◆ **ACTIVITY**
For the records below, please print exactly and only the lines from the one with "Bezaubernder Teddybär in" down to the one with "Расход газа семи", both ends included, omitting the pictures.

◆ **EXTRACTED MATERIAL**
------------------------------------------------------------------------

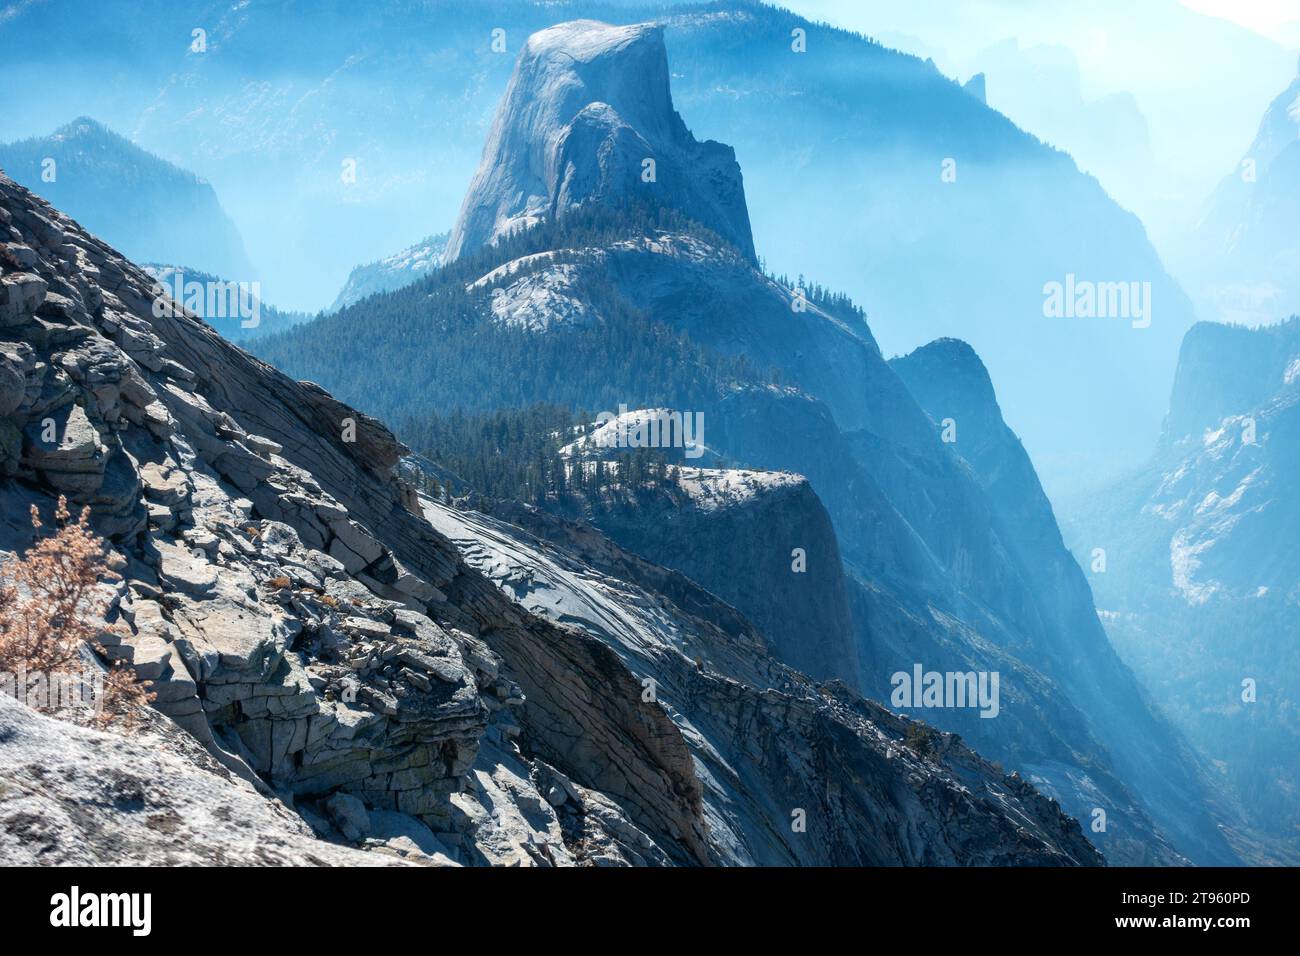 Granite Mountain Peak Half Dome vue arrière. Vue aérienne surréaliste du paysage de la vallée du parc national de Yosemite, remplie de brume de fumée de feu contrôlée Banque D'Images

------------------------------------------------------------------------

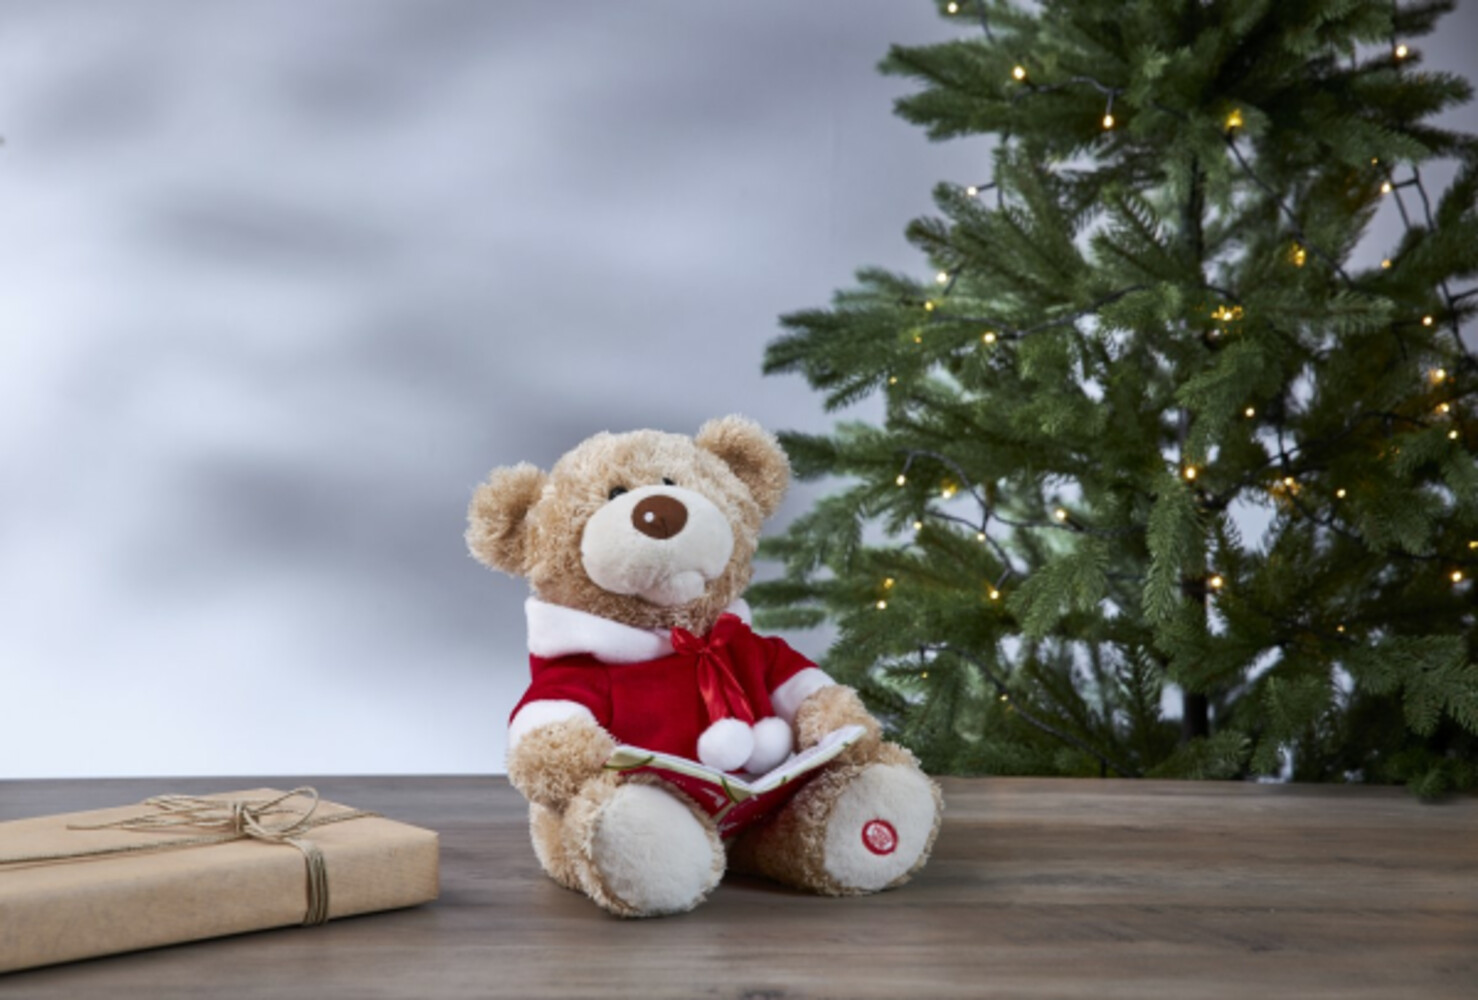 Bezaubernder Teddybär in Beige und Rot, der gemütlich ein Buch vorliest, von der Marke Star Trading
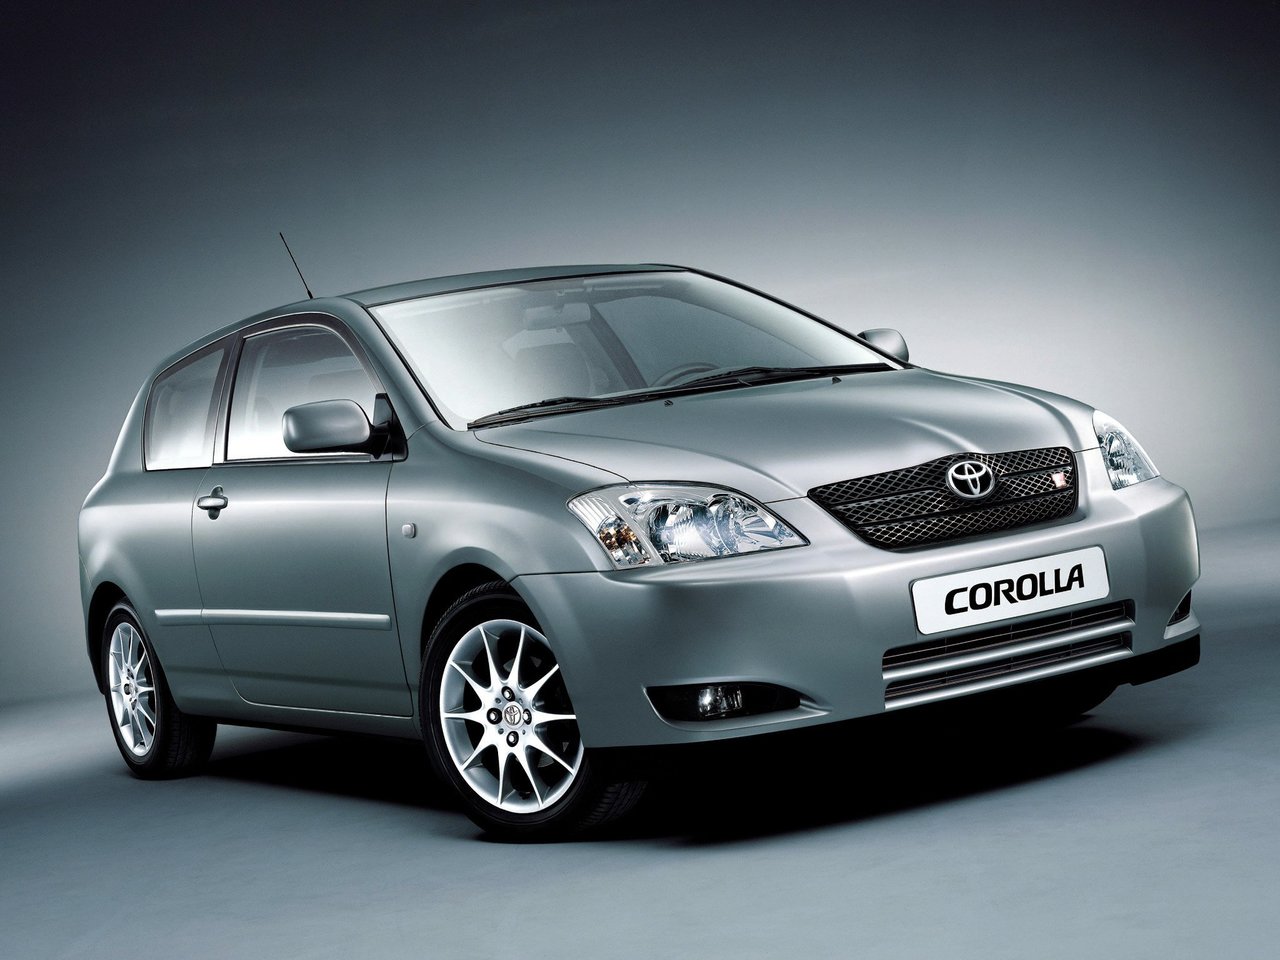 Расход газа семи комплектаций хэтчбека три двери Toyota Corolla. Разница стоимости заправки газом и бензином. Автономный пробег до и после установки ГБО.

------------------------------------------------------------------------

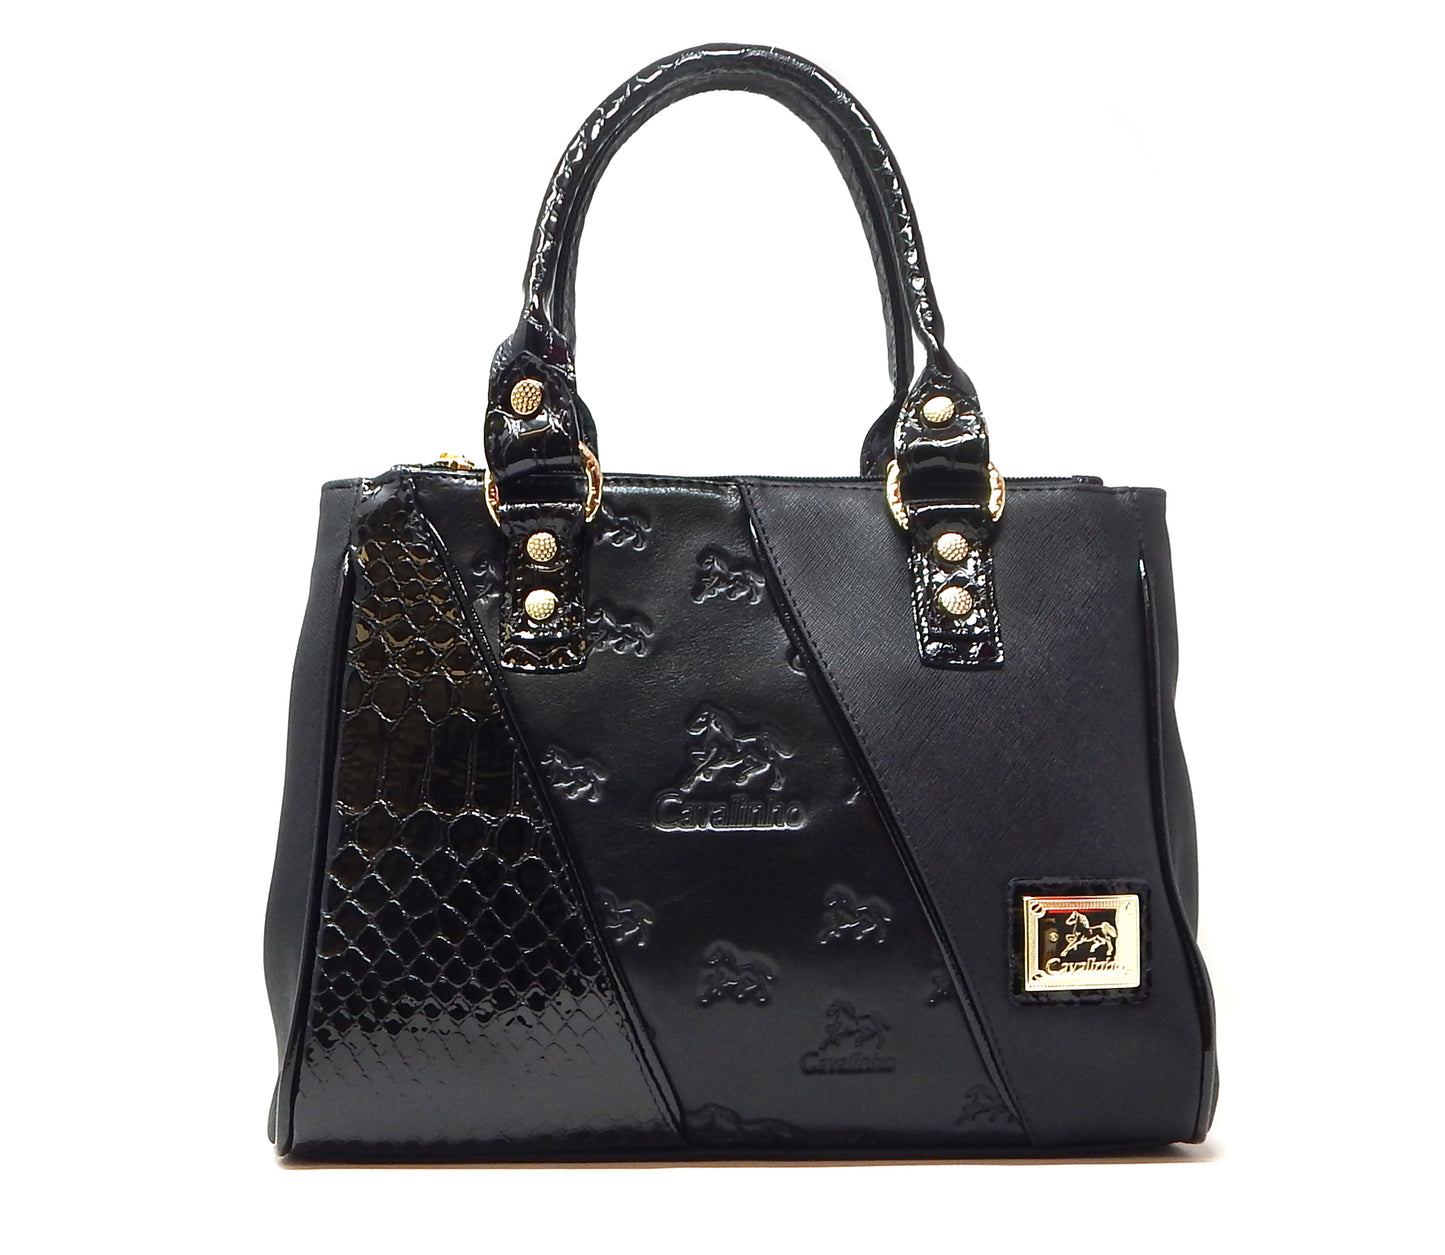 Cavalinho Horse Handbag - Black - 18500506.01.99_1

------------------------------------------------------------------------

◆ **TASK ANSWER**
 Bezaubernder Teddybär in Beige und Rot, der gemütlich ein Buch vorliest, von der Marke Star Trading
 Расход газа семи комплектаций хэтчбека три двери Toyota Corolla. Разница стоимости заправки газом и бензином. Автономный пробег до и после установки ГБО.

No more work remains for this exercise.